19. A special hardware instruction for handling the multiplication with accumulate for two complex numbers from a source register whereby utilizing said instruction and accumulated complex product of two source operands is rounded according to a rounding mode specified in the instruction and loaded into a target register with the complex numbers organized in the source such that a halfword (H1) contains the real component and a halfword (H0) contains the imaginary component.
- View Dependent Claims (20)
- - 20. The special hardware instruction of claim 19 wherein the accumulated complex product is divided by two before it is rounded.

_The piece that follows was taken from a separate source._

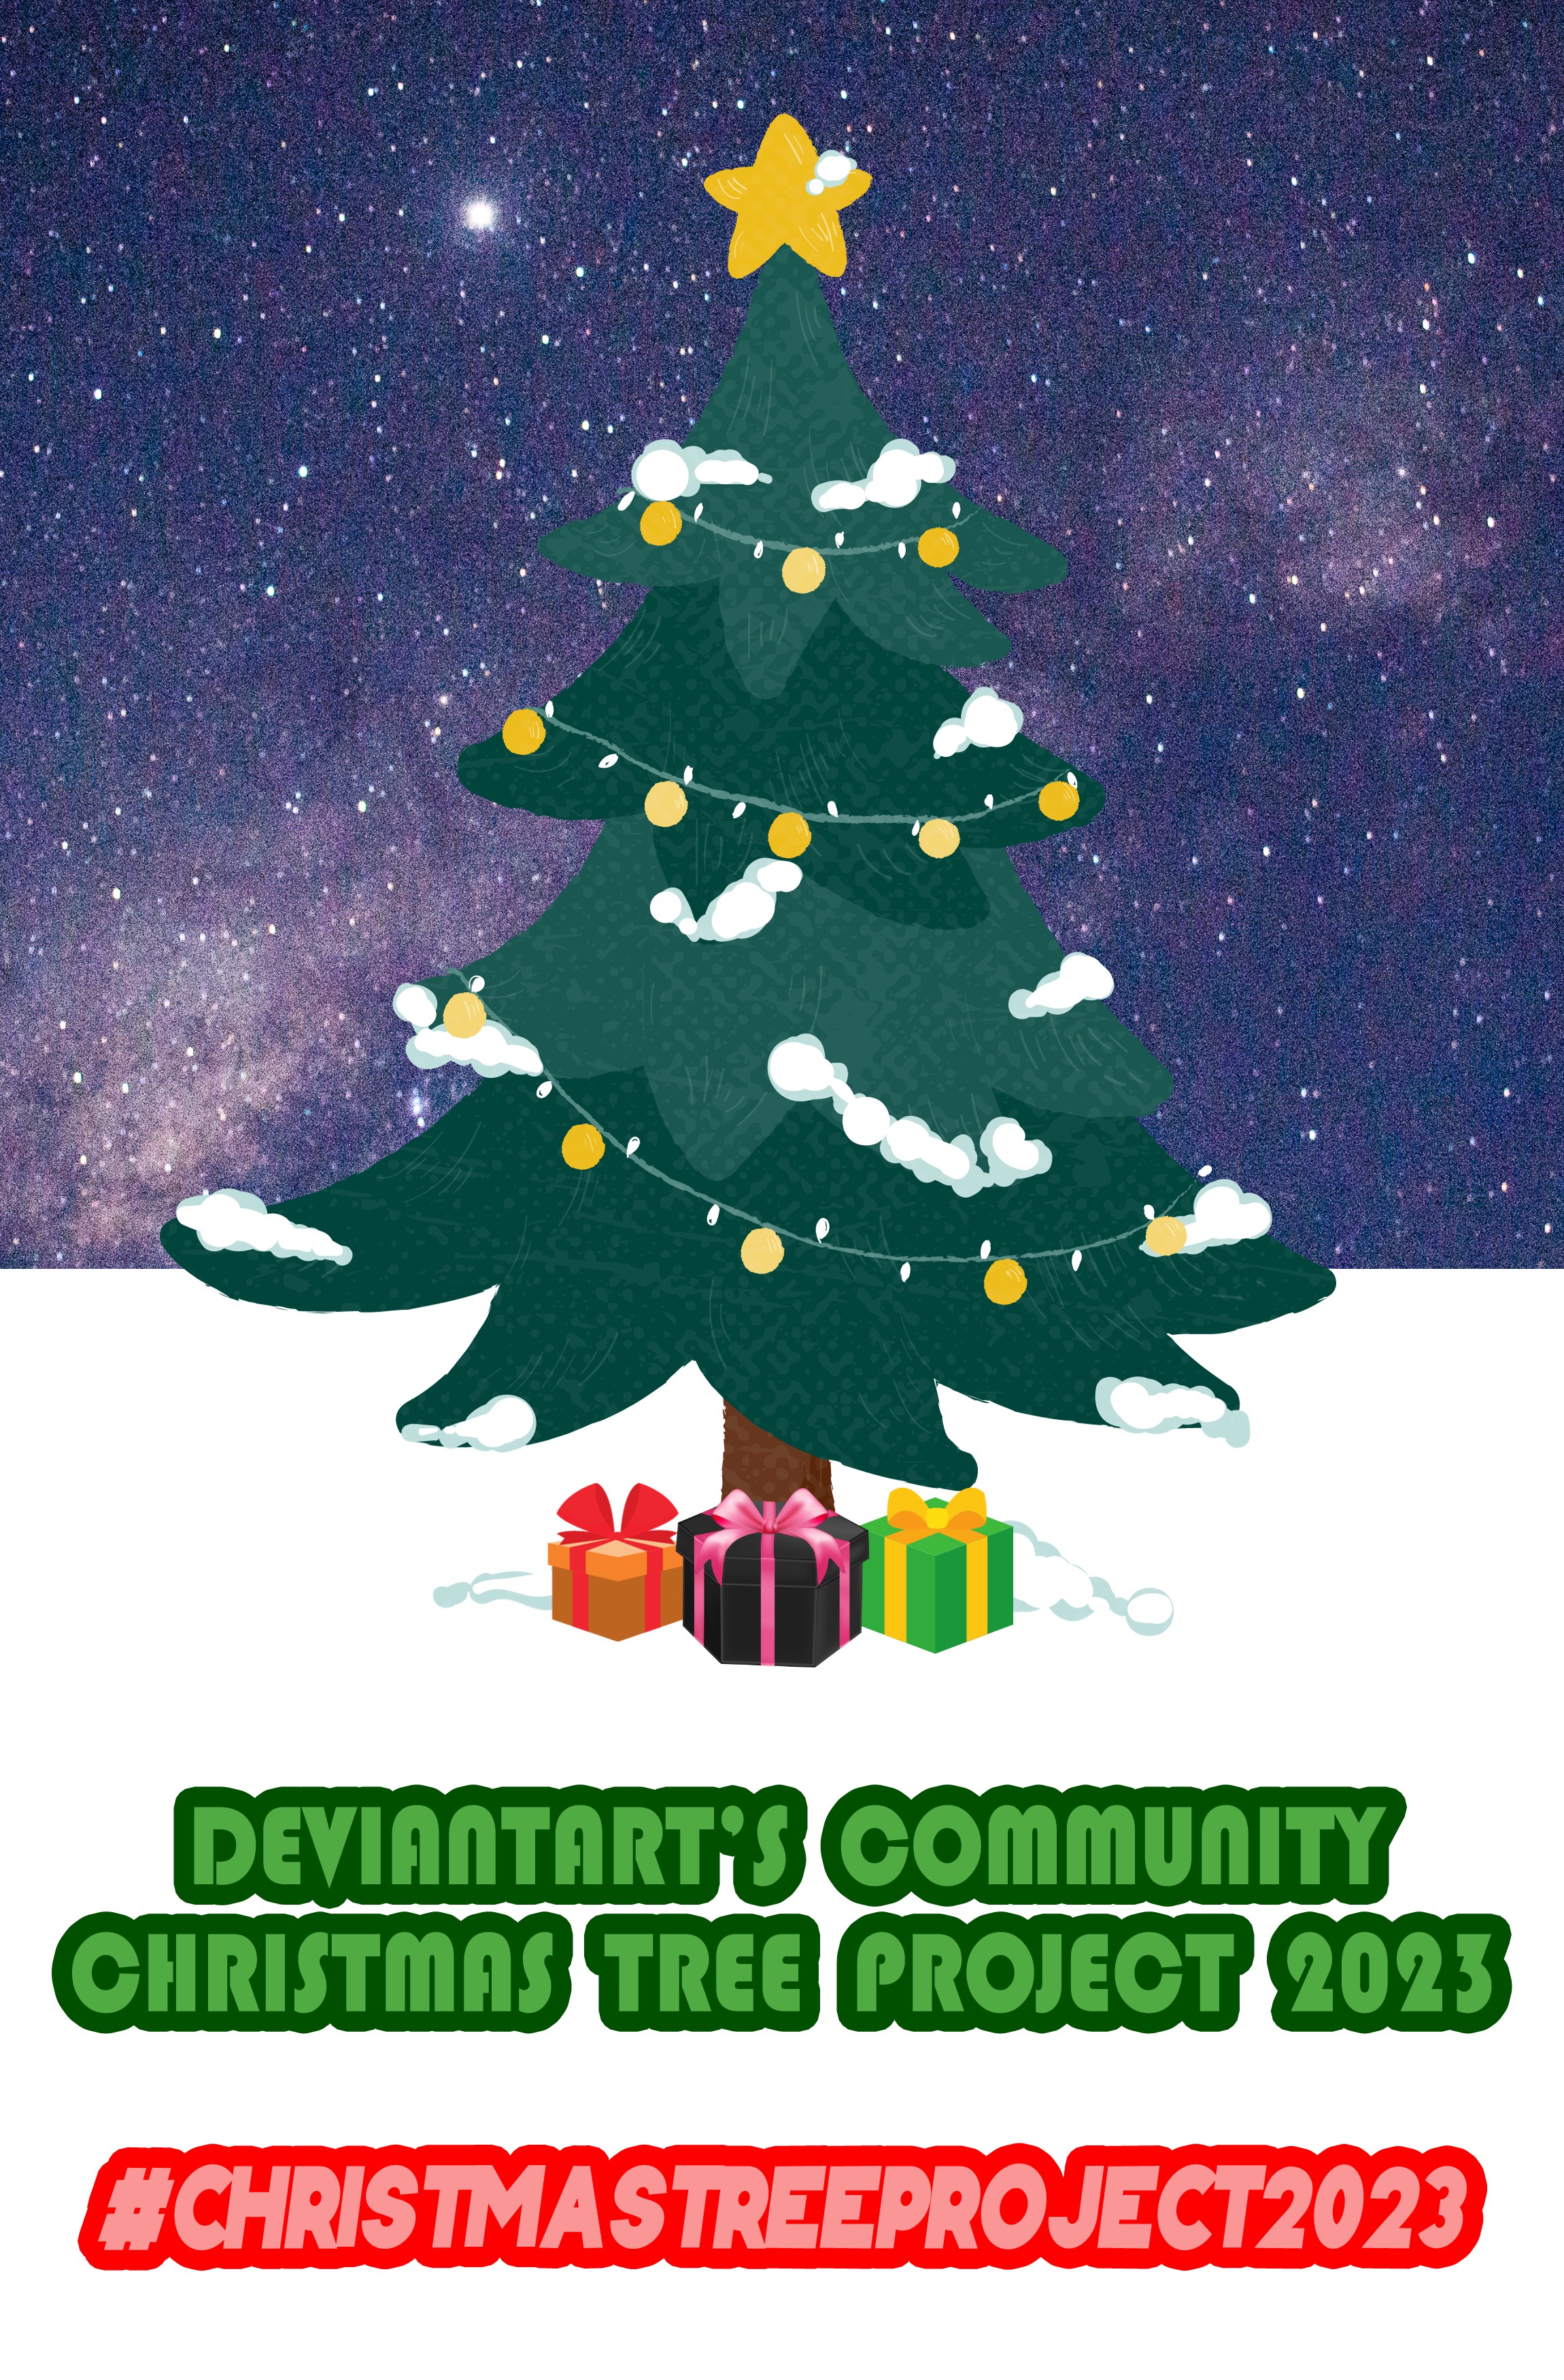 DeviantArt's Community Christmas Tree Project 2023

21. An apparatus to efficiently fetch instructions including complex multiplication instructions and an accumulate form of multiplication instructions from a memory element and dispatch the fetched instruction to at least one of a plurality of multiply complex and multiply with accumulate execution units to carry out the instruction specified operation, the apparatus comprising:
- a memory element;
  
  means for fetching said instructions from the memory element;
  
  a plurality of multiply complex and multiply with accumulate execution units; and
  
  means to dispatch the fetched instruction to at least one of said plurality of execution units to carry out the instruction specified operation.
- View Dependent Claims (22, 23, 24, 25, 26, 27, 28, 29, 30, 31, 32, 33, 34, 36, 37, 38, 39)
- - 22. The apparatus of claim 21 further comprising:
    - an instruction register to hold a dispatched multiply complex instruction (MPYCX);
      
      means to decode the MPYCX instruction and control the execution of the MPYCX instruction;
      
      two source registers each holding a complex number as operand inputs to the multiply complex execution hardware;
      
      four multiplication units to generate terms of the complex multiplication;
      
      four pipeline registers to hold the multiplication results;
      
      an add function which adds two of the multiplication results from the pipeline registers for the imaginary component of the result;
      
      a subtract function which subtracts two of the multiplication results from the pipeline registers for the real component of the result;
      
      a round and select unit to format the real and imaginary results; and
      
      a result storage location for saving the final multiply complex result, whereby the apparatus is operative for the efficient processing of multiply complex computations.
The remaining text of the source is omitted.